Monday, May 28, 2007

The Immaterial Has Become Immaterial

This line comes from the latest Pirates of the Caribbean movie, which I went to see tonight. It's ironic to see a movie from the Disney company that heroizes culturally subversive pirates and tells a story about taking on a giant monopoly, the East India Company. The initial sequence, which shows a range of citizens of different races, ages, and genders being persecuted for their sympathy with piracy becomes particularly ironic, given the company's history.

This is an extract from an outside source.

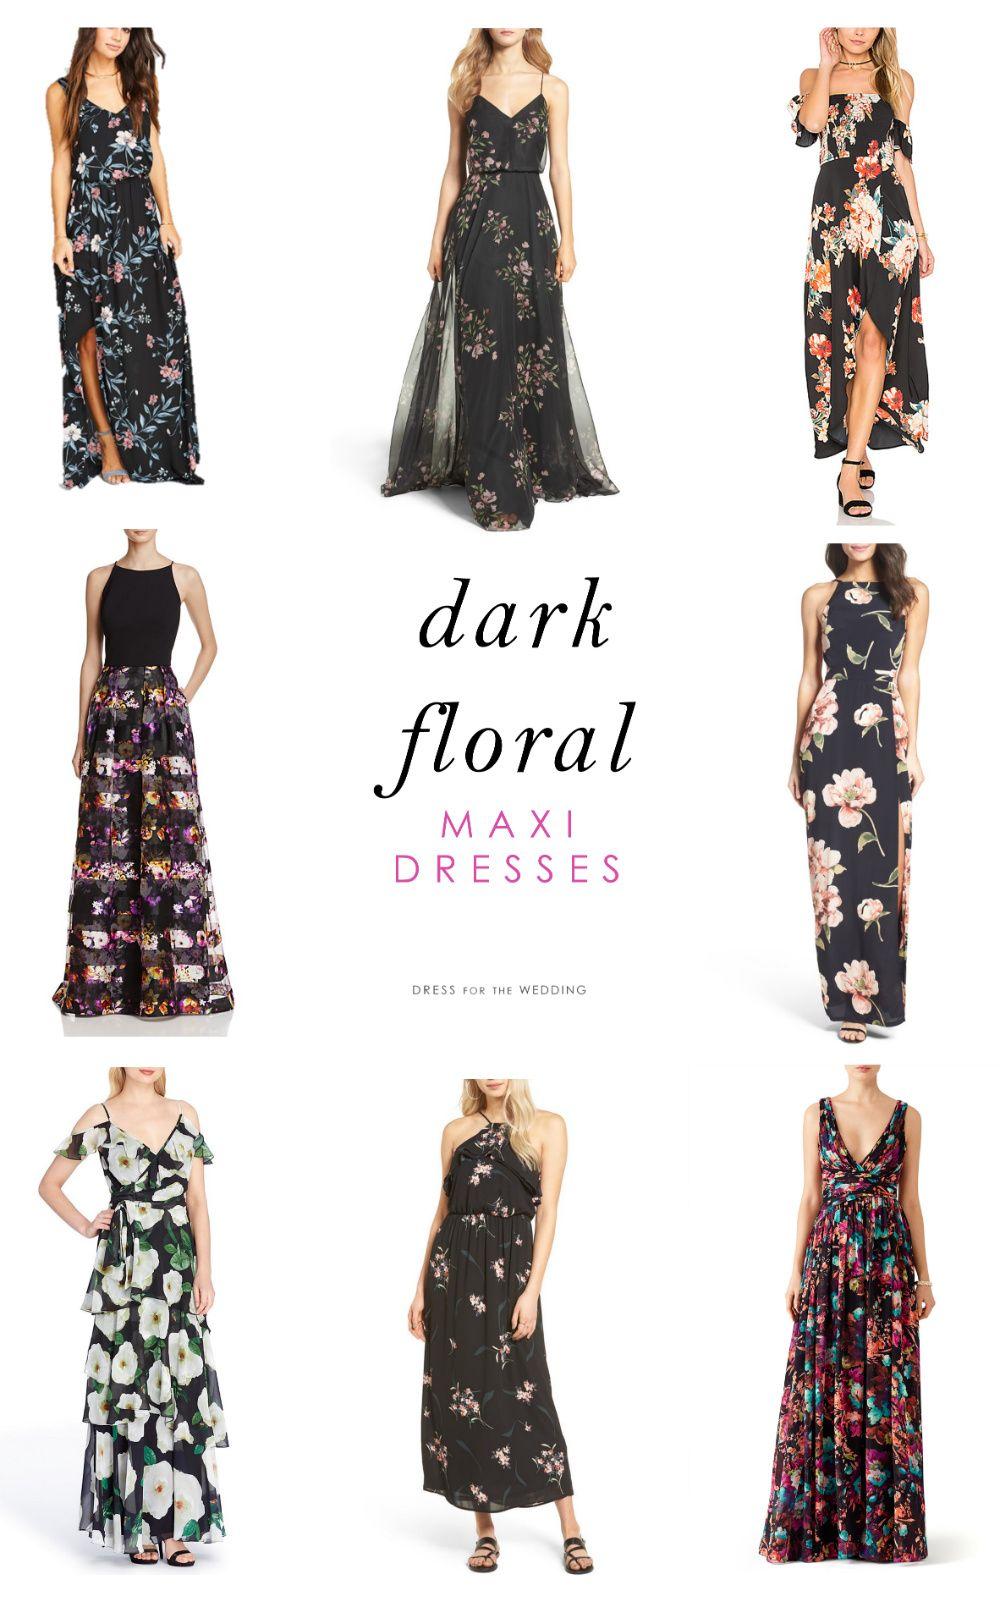 Dark Floral Maxi Dresses Dress For The Wedding Black Floral Maxi Dress Floral Maxi Dress Dark Floral Dress [ 1624 x 1000 Pixel ]
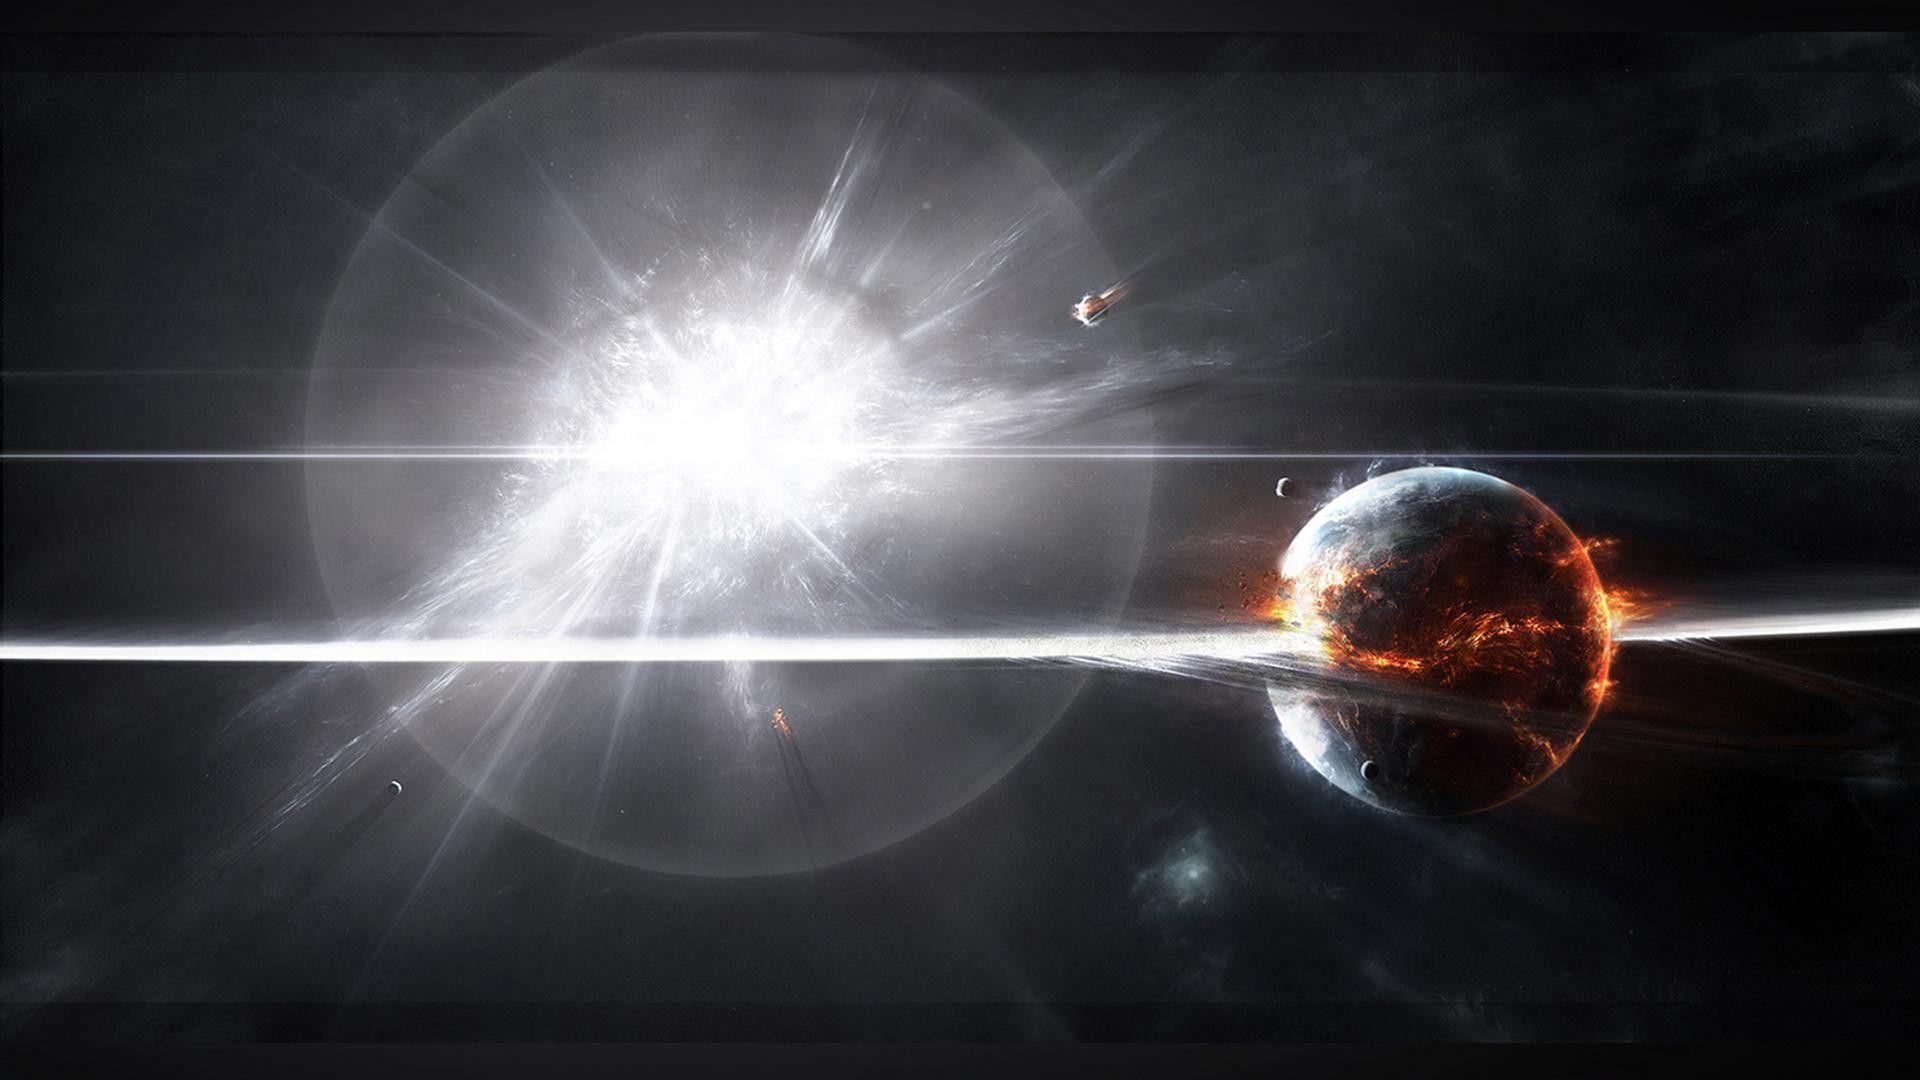 supernova desktop wallpaper - photo #22

If you haven't already seen it, check out this mash-up of Disney films made into a tutorial on copyright and fair use by Bucknell professor Eric Faden.

I thought that the depiction of Asia as a place for disordered and lawless sociality puppeted Orientalist stereotypes and that the Yellow Peril-style caricature of sexual danger to white women from Asian men played right into racist ideologies. Personally, I'd pick Chow Yun Fat over Orlando Bloom any day. I wonder how much of this China-bashing was seen as permissible, given the region's well publicized disregard for Disney's intellectual property claims.

I know that some free culture advocates are using the release of the movie as an opportunity to educate the public. Free Culture and Defective By Design held an event at one of the theatres showing the film in Boston to highlight parallels with net activist interests. You can see photos here.

In this week's Los Angeles Times cartoonist Berkeley Breathed explains how his joke about the director of Pirates went unintentionally viral thanks to a blogger at a book signing in "Is Gore Verbinski really 'sick of pirates'?"

Update: There's also another great Disney mash-up that has been made up to argue for the stance of documentary filmmakers, who often need clips from popular movies to illustrate essential points in their visual arguments.